I’m currently making a program that saves Chinese Words onto a text file. I create the text file in java, and then try and write words to it. However, the text file I create is never encoded in UTF-8. This is the code I’m using, why doesn’t it work? I was told that there was a bug inherent in Java but I have no idea how to get around it.
public void createFile(String name) {
try {
BufferedWriter out = new BufferedWriter(new OutputStreamWriter(
new FileOutputStream(name +".txt"), "UTF-8"));
out.write("");
}
catch(java.io.IOException e) {
System.err.println("Something went wrong.");
}
}
Also, do I have another option aside from text files with which I could still use UTF encoding?
Also I’m testing its encoding by opening the TextEdit application and trying to write Chinese characters. Could this also be a problem?
First, files themselves don’t have encodings. They’re a bunch of 0s and 1s.
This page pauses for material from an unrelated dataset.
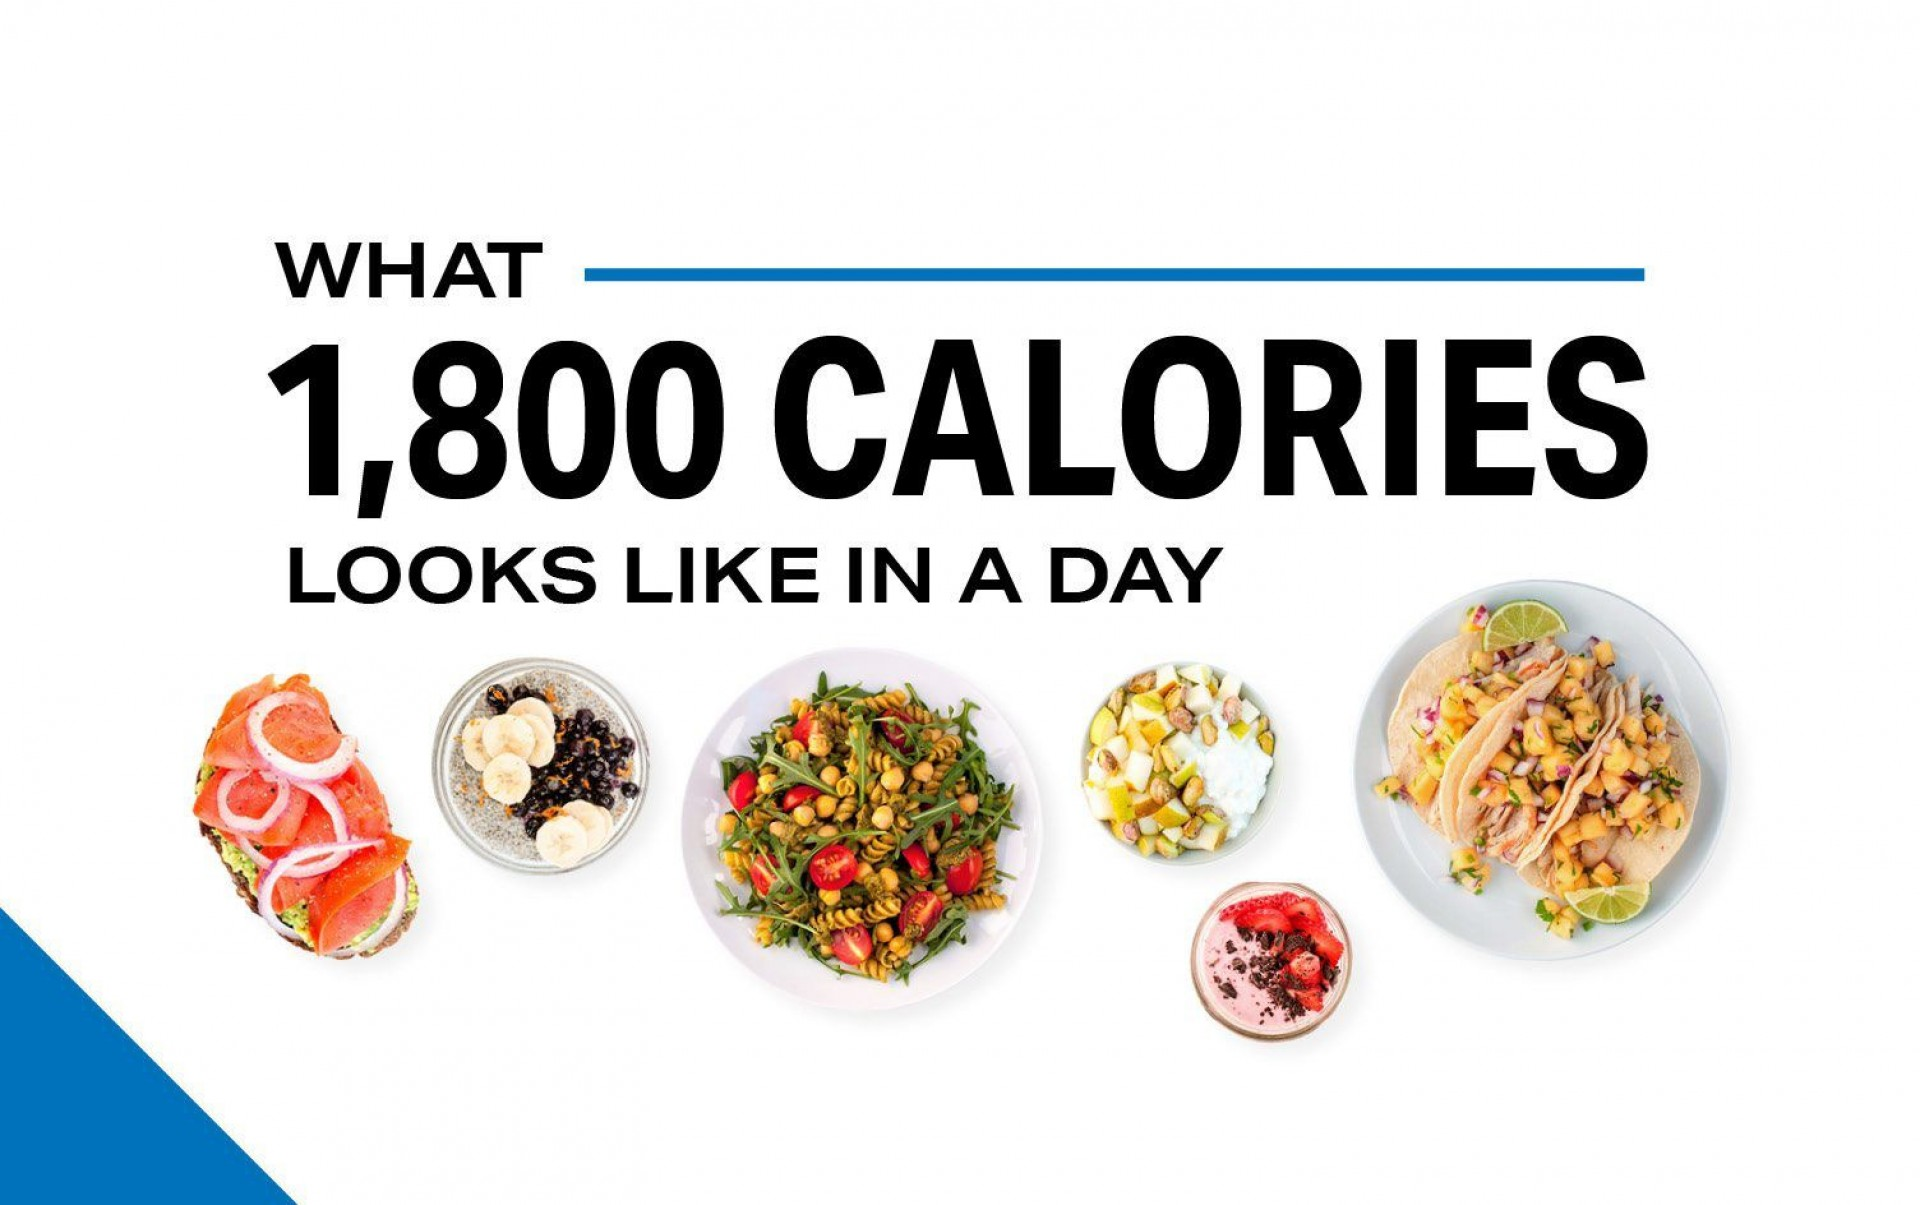 009 Fantastic Sample 1800 Calorie Meal Plan Pdf 1920

If you write “asdf” in utf-8, it’s completely indistinguishable from plain old ascii7.
If you were writing in, say, utf-16, then the byte-order mark (BOM) would be a pretty clear indication that it’s written in utf-16, even with an empty string, but utf-8 does not require such a marker to be present.
Therefore, your editor has no way of knowing that this file is supposed to be written in utf-8. You could write utf-8’s BOM to your file by:
out.write(0xEFBBBF);
However, in this case,
outwould have to be an OutputStream, such as the FileOutputStream. (BufferedWriter and OutputStreamWriter do not accept byte arrays for input.)